DATA SECTION →
###

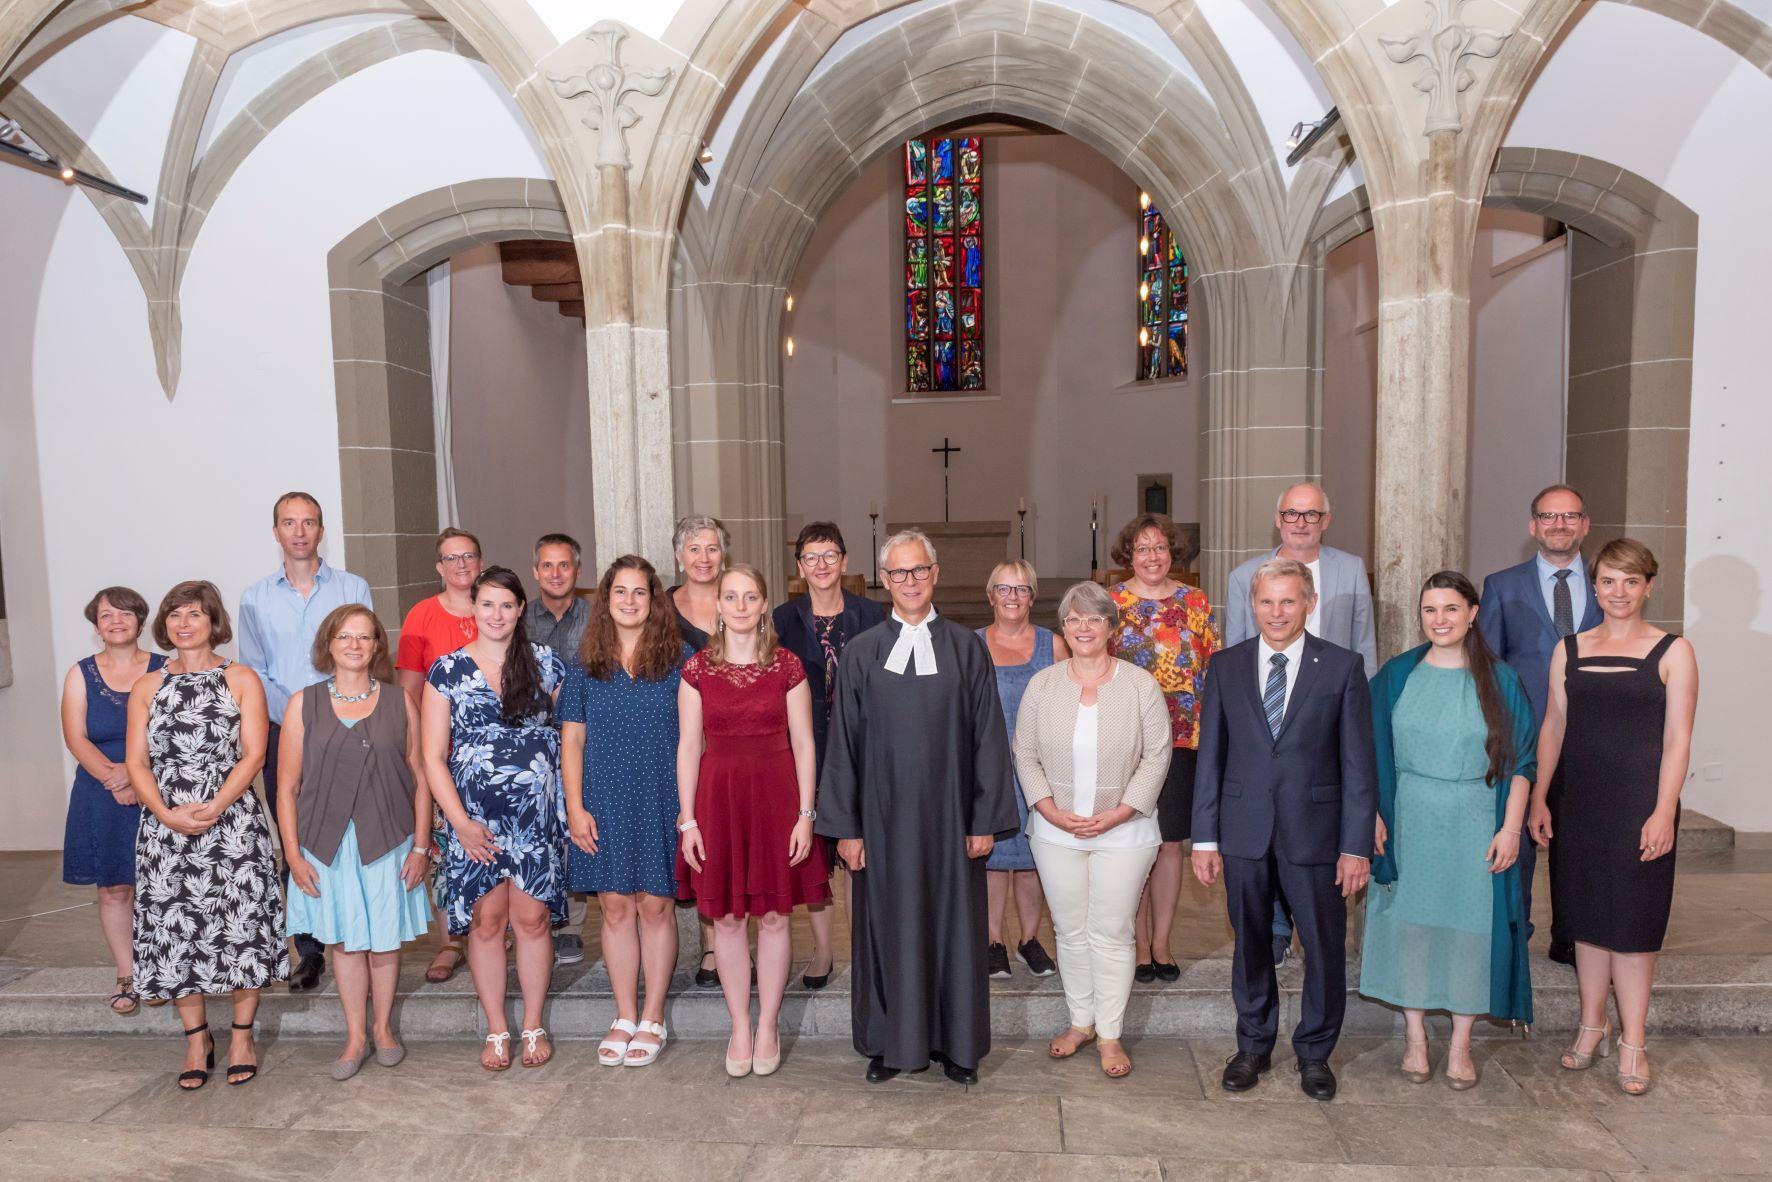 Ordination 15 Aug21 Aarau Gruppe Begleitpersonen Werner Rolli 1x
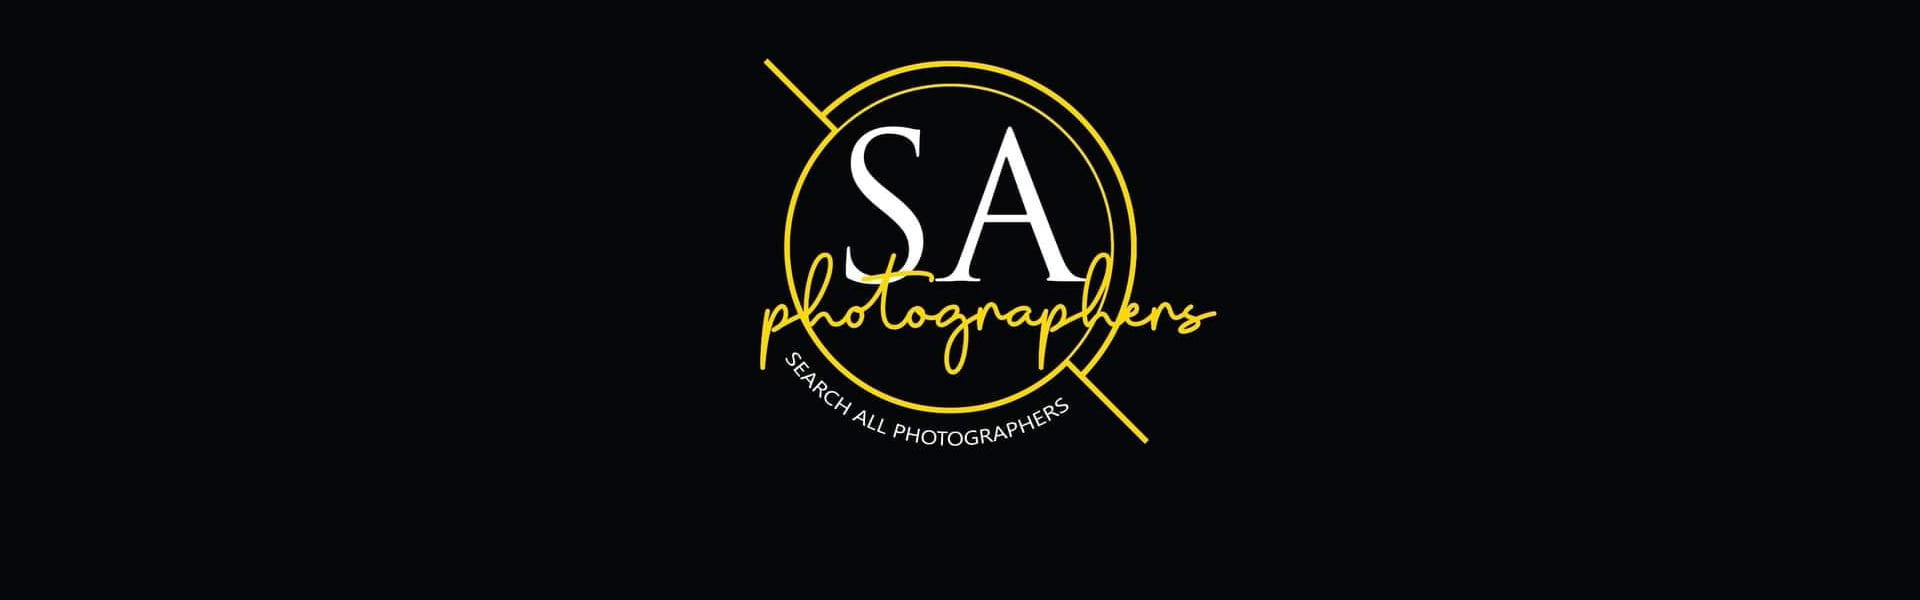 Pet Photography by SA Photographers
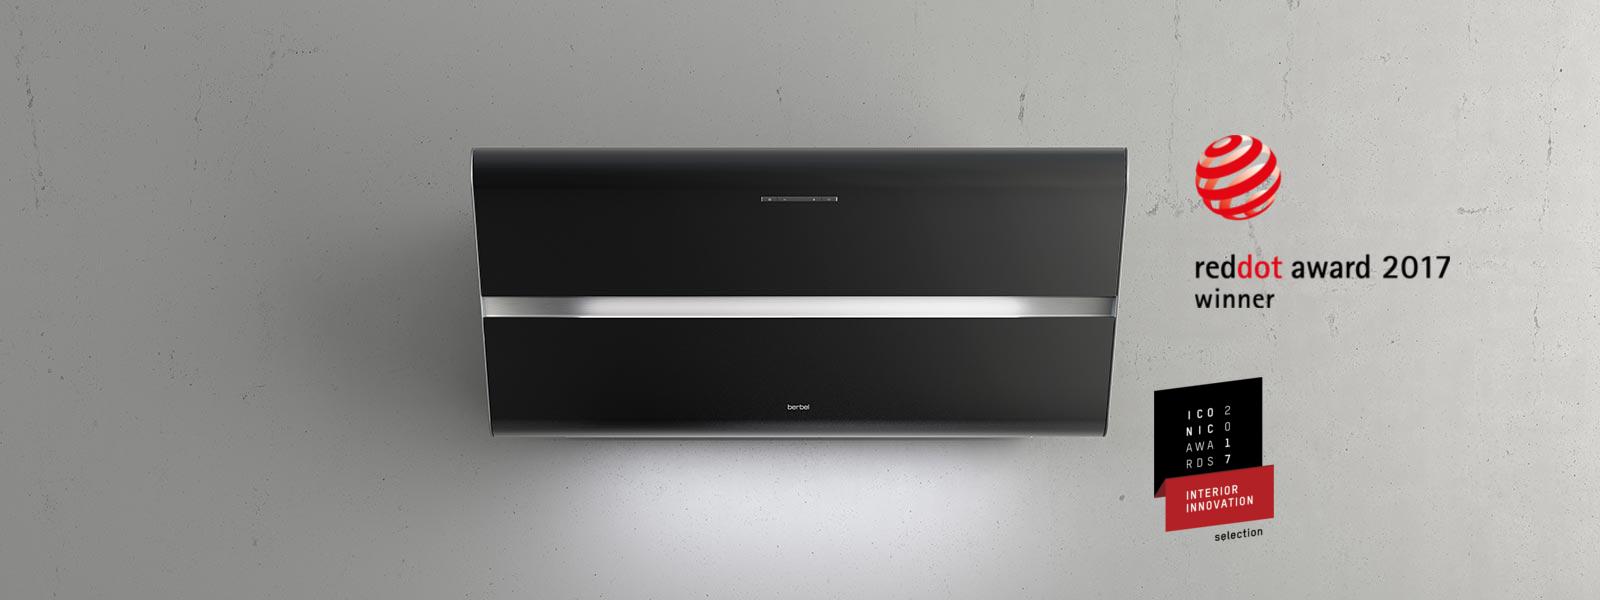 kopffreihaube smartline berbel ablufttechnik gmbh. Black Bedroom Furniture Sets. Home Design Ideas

###

When you output the listing, reproduce it exactly but drop its pictures.

 Ordination 15 Aug21 Aarau Gruppe Begleitpersonen Werner Rolli 1x
 Pet Photography by SA Photographers
 kopffreihaube smartline berbel ablufttechnik gmbh. Black Bedroom Furniture Sets. Home Design Ideas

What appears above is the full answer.